§ AIM OF THE TASK
In the records below, the relevant part opens with the line containing "Beispiel einer Gotham-Schriftart" and closes with the line containing "Harpic Disinfectant Toilet"; print that part exactly and only, without its pictures.

§ DATA SUPPLIED
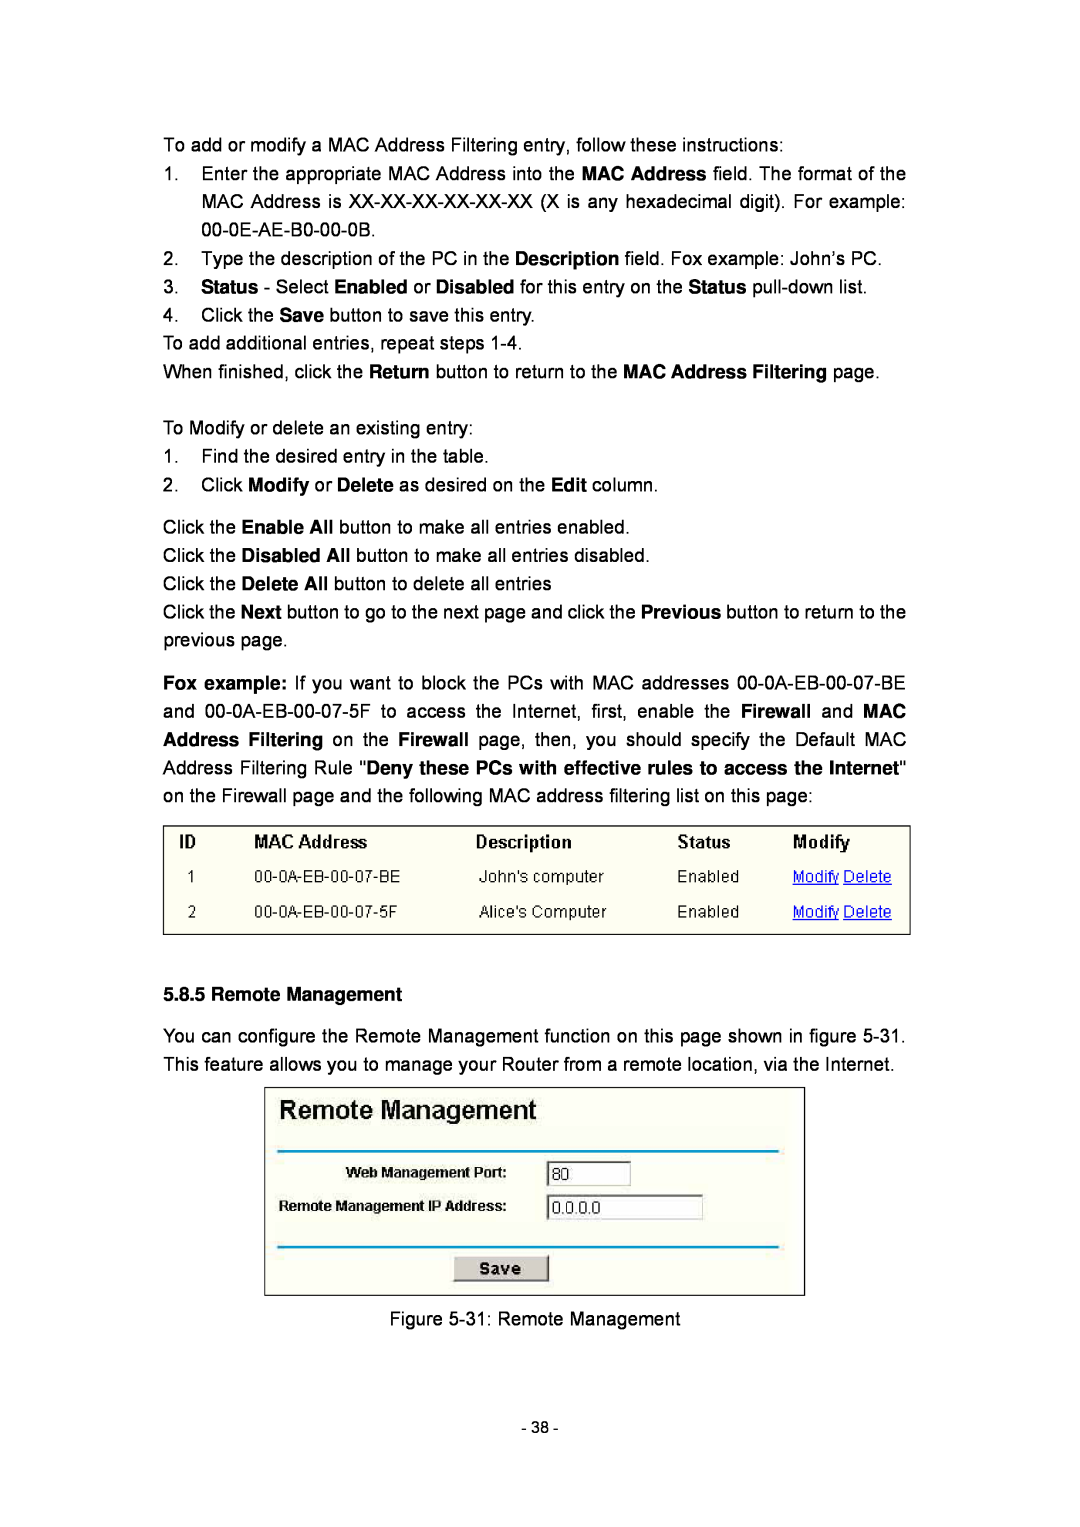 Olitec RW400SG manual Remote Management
...
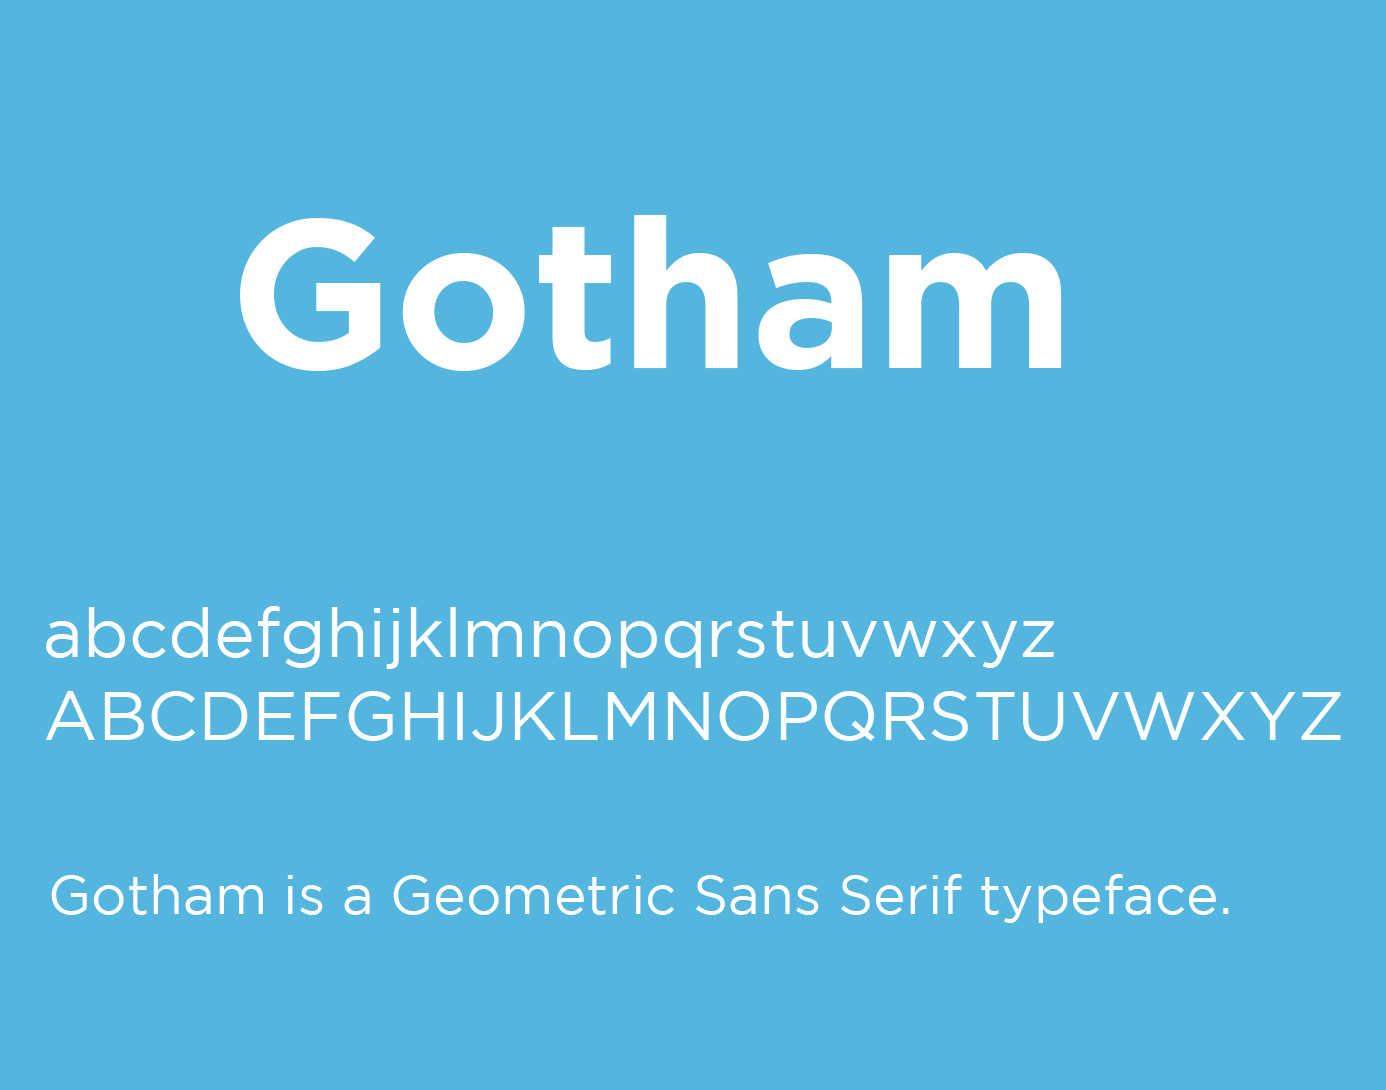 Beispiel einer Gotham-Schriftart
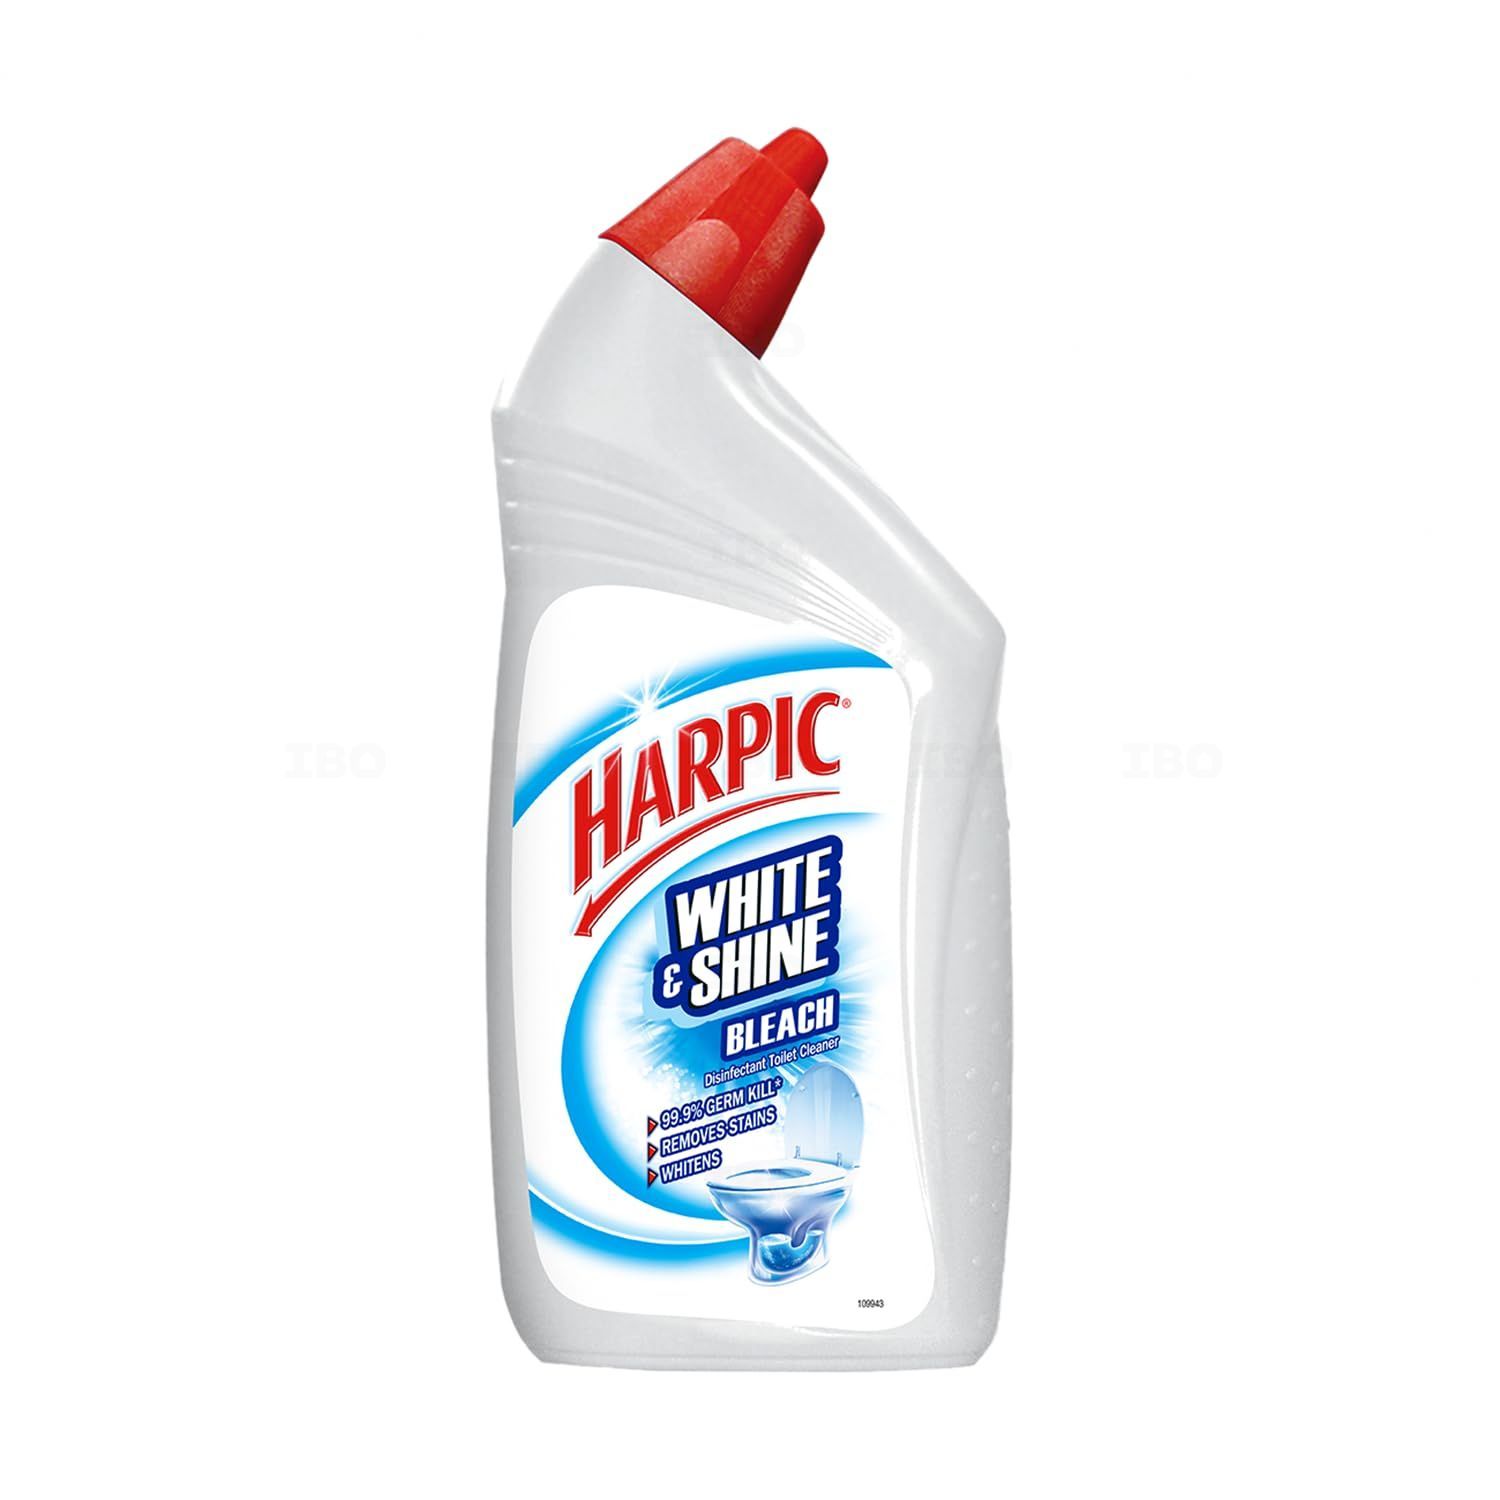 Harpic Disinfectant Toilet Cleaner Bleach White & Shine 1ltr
* * *
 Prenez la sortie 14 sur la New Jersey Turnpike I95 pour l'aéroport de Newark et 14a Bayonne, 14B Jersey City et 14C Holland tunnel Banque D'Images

§ RESULT FOR THIS TASK
 Beispiel einer Gotham-Schriftart
 Harpic Disinfectant Toilet Cleaner Bleach White & Shine 1ltr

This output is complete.